Устрица снимает рубашку с плеч. Бисерный мешочек висит у него на груди как раз между сосками. На загорелой груди нет ни единого волоска. Мешочек сплетен из синего бисера с красным крестом в центре. В желтом свете его загар кажется оранжевым. Его светлые волосы словно охвачены пламенем.

— Я сама его сделала, — говорит Мона. — Долго делала, с февраля.

Мона с ее черно-красными дредамн и бусами из горного хрусталя. Я интересуюсь: она что, индианка из племени хопи?

Устрица открывает мешочек и роется пальцами в содержимом.

А Элен говорит:

— Мона, какая ты индианка?! Ты вообще непонятно кто. Твоя настоящая фамилия — Штейнер.

— Вовсе не обязательно быть хопи, — говорит Мона. — Я его сделала по картинке из книжки.

— Значит, это не настоящий мешочек для талисманов хопи, — говорит Элен.

А Мона говорит:

— Нет, настоящий. Он — точно такой же, как в книжке. — Она говорит: — Я тебе покажу.

Из мешочка хопи Устрица достает мобильный.

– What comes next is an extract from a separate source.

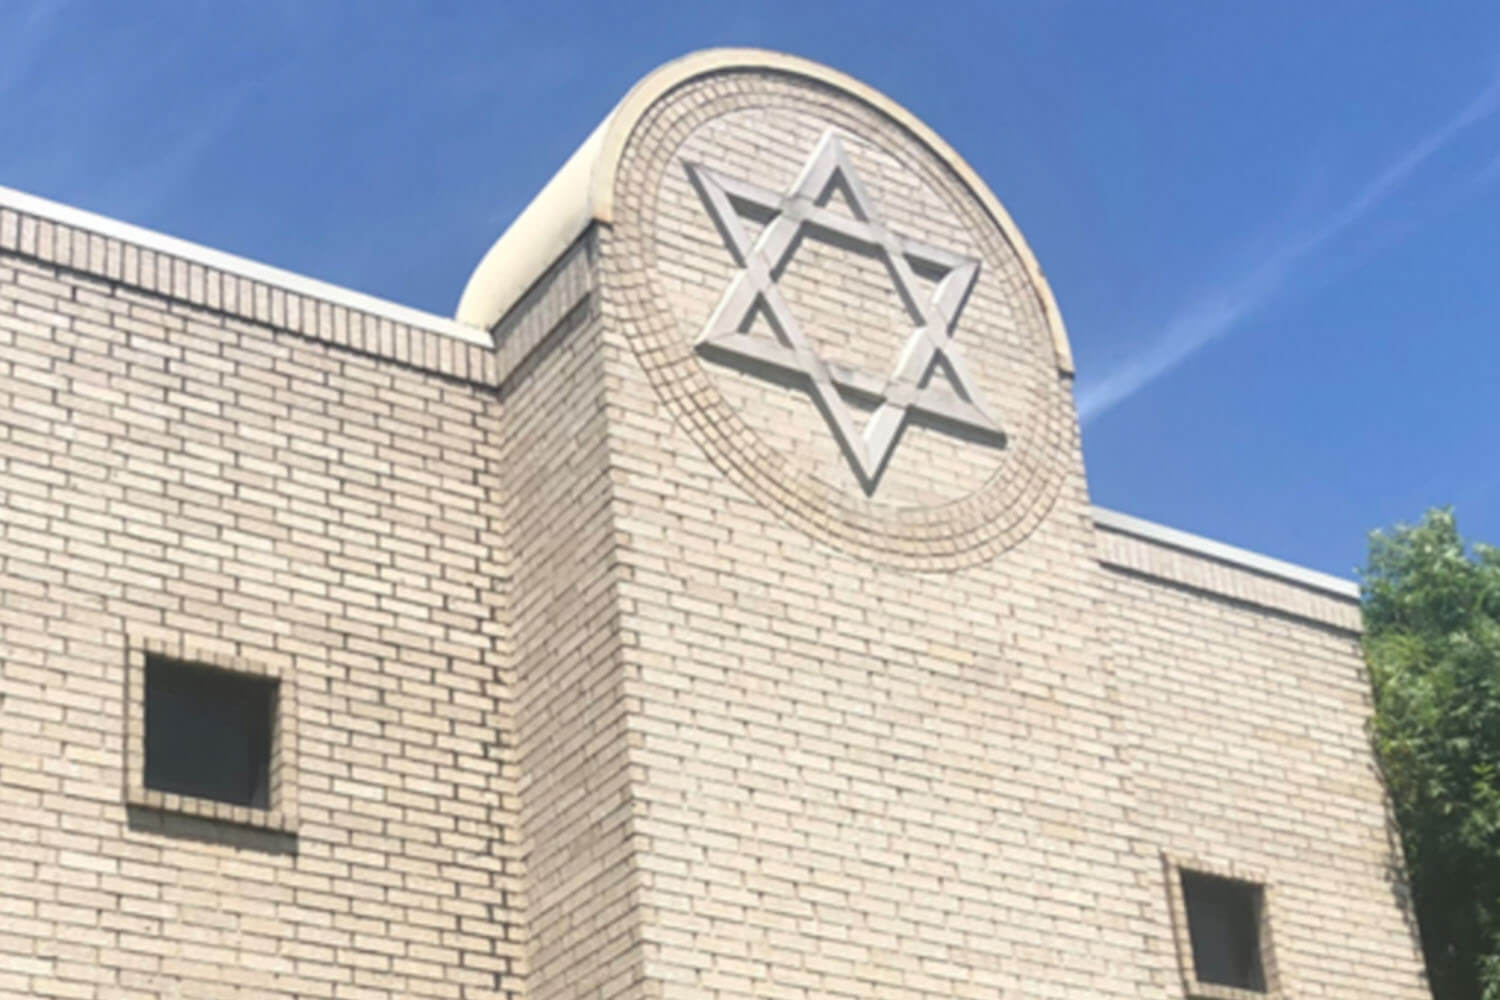 The wall of a synagogue with the star of David on it

— Самое замечательное в этих народных промыслах, они не требуют каких-то особых умений. Смотришь программу по телевизору, где тебе объясняют, как что-то делать, и сразу же делаешь, — говорит Мона. — И при этом соприкасаешься с древними энергиями.

Устрица выдвигает антенну и набирает номер. У него под ногтями грязь.

Элен наблюдает за ним в зеркало заднего вида.

Мона наклоняется вперед и поднимает с пола под сиденьем брезентовый рюкзак. Вынимает оттуда какой-то спутанный клубок из веревок и перьев. Похоже на куриные перья, раскрашенные в яркие пасхальные цвета — розовый и голубой. На веревках висят медные монетки и бусины из черного стекла.

— Это ловец снов индейцев навахо, — поясняет она, встряхивая клубок. Некоторые веревки распутываются и свисают свободными концами. Несколько бусин падает в рюкзак у нее на коленях. Розовые перья разлетаются по салону, и она говорит: — Я думаю использовать монеты И-Цзын. Чтобы усилить энергетику.

Под рюкзаком, под цветастой юбкой — ее лобок гладко выбрит. Стеклянные бусины скатываются туда.

Устрица говорит в трубку:

— Да, мне нужен номер отдела рекламы “Карсон-Сити Телеграф-Стар”.

У него перед лицом проплывает розовое перышко, и он дует на него, отгоняя.